Este evento fue un punto de inflexión para Constantino. Comenzó a identificarse como cristiano, como seguidor de Jesucristo. Existen muchas preguntas acerca de la sinceridad de su confesión; es ciertamente sorprendente que retrasara el bautismo hasta el final de su vida. No voy a especular ni en un sentido ni en otro, pues no creo que sea útil. Una cosa es segura: con su conversión (genuina o no) cesó por fin la persecución de los cristianos.
En febrero del 313, Constantino y su colega Licinio promulgaron el llamado Edicto de Milán. En parte este Edicto decía (según la versión encontrada en Eusebio):
…hemos decretado la siguiente ordenanza, como nuestra voluntad, con una intención saludable y muy correcta, que no se negará libertad alguna a los cristianos, para seguir o mantener sus observancias o culto. Pero que a cada uno se le conceda el poder de dedicar su mente al culto que considere adaptado a sí mismo.
El Edicto de Milán estableció la libertad religiosa. Este fue un paso en el camino para que el Imperio Romano tuviera el cristianismo como religión de estado.
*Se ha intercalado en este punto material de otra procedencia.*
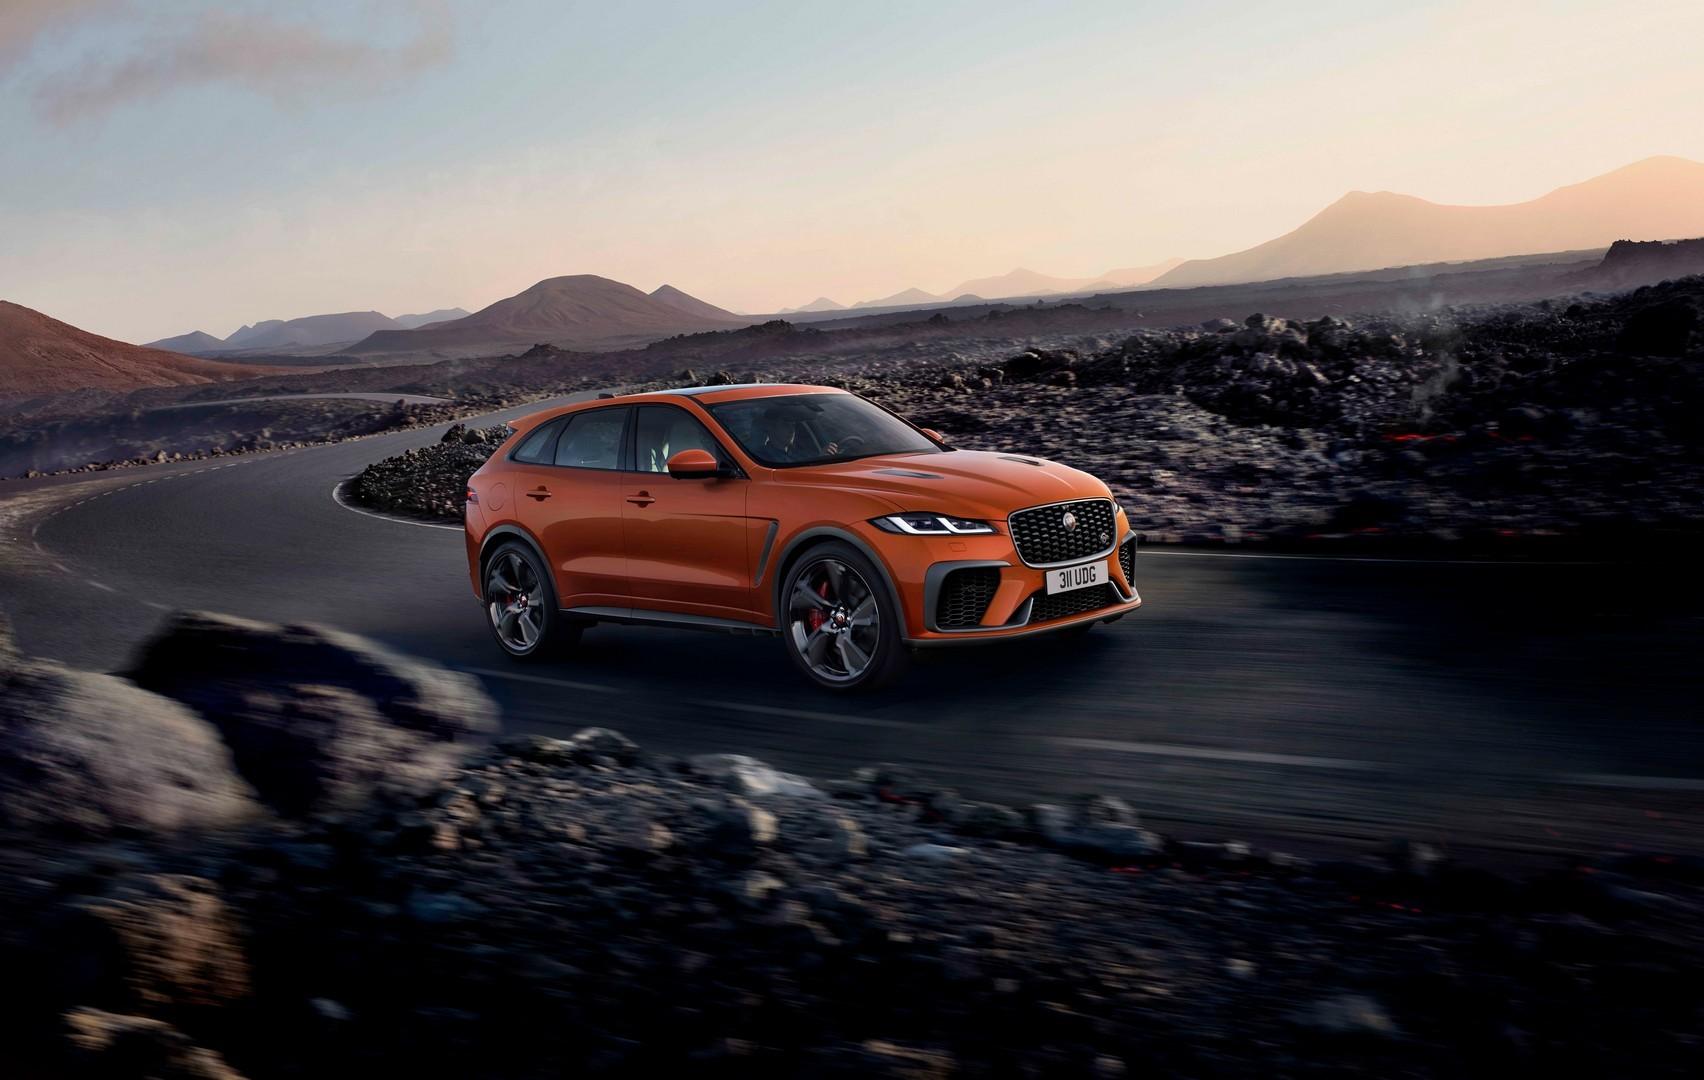 jaguar introduces dynamic launch to 2021 f-pace svr, goes

Además, con el emperador Constantino identificándose como cristiano, empezó a ser social y políticamente útil que todos hicieran lo mismo.
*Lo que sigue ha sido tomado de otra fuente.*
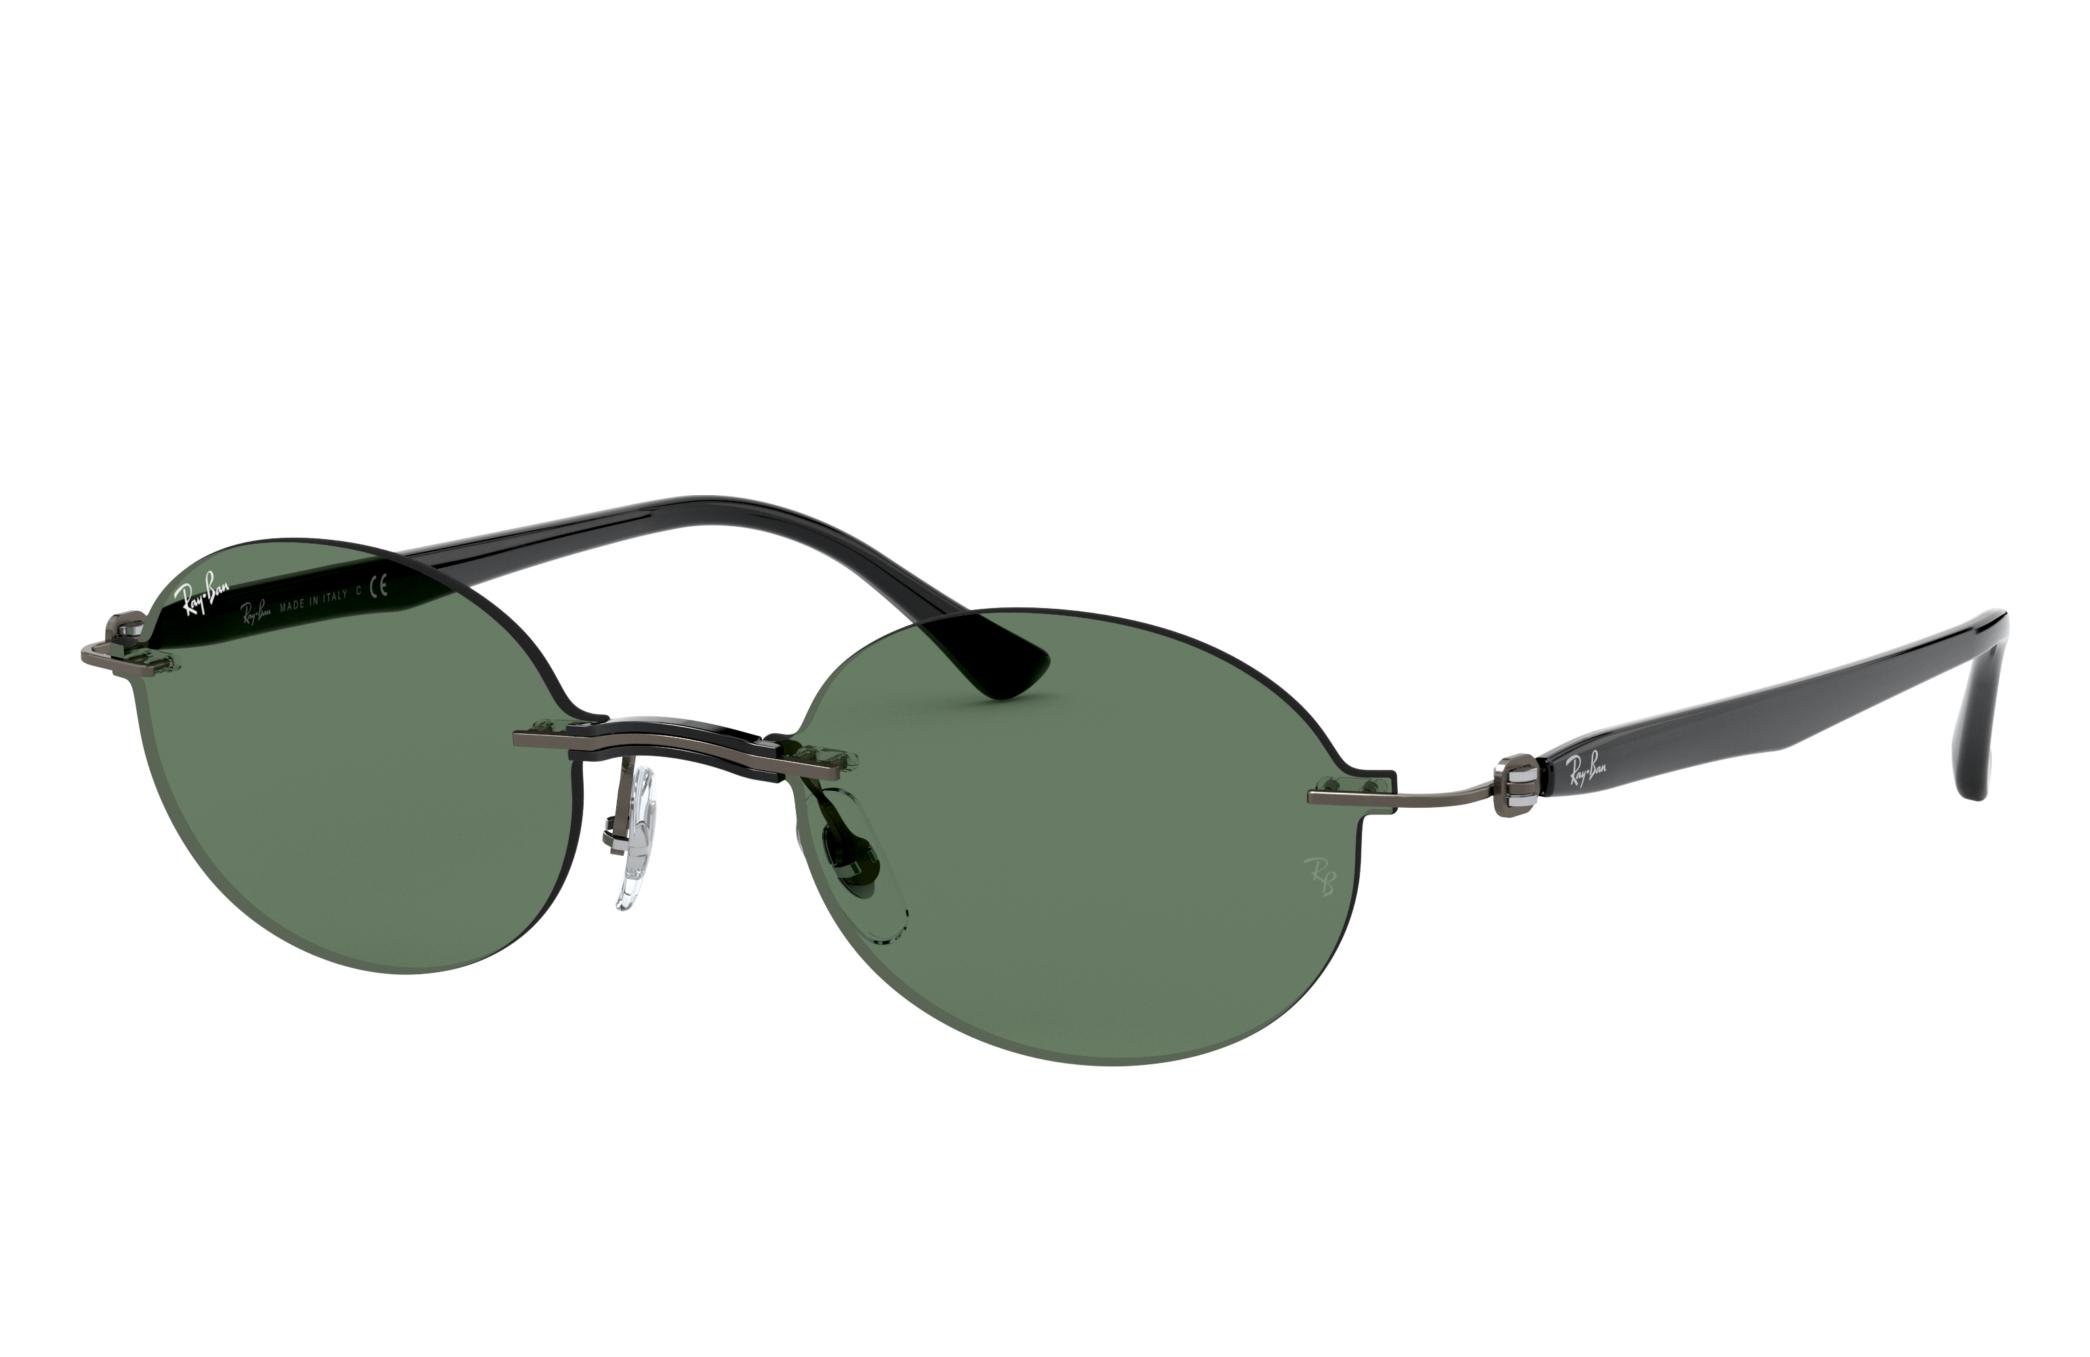 Ray-Ban Rb8060 Gunmetal, Green Lenses - RB8060

A menudo se considera a Constantino el pionero de la cristiandad. La cristiandad es la noción de que todo el mundo (o la mayor parte de él) está bajo la influencia cristiana y es cristiano. La cristiandad ya no existe, pero ciertamente lo hizo hace quinientos años. Uno de los elementos clave de la cristiandad es el cristianismo como religión estatal oficial o de facto. Cuando eso ocurre, cuando se alivia la persecución, hay mayor seguridad y facilidad para la iglesia. La iglesia puede incluso alcanzar una profusión de poder; como lo hizo durante la era de la Cristiandad. Pero junto con eso viene el hedor del cristianismo cultural. Ser conocido como cristiano se convierte en una ventaja. El nominalismo y la hipocresía se desbocan. Los verdaderos cristianos se vuelven más difíciles de encontrar.
Esto es lo que hace fascinante la historia de Constantino: nos recuerda que la persecución de la Iglesia a menudo la fortalece, mientras que la aceptación política y social a menudo la debilita, especialmente a largo plazo. No es que oremos por la persecución, pero tampoco debemos temerla. Dios tiene una manera de obrar a través del sufrimiento para la difusión del Evangelio.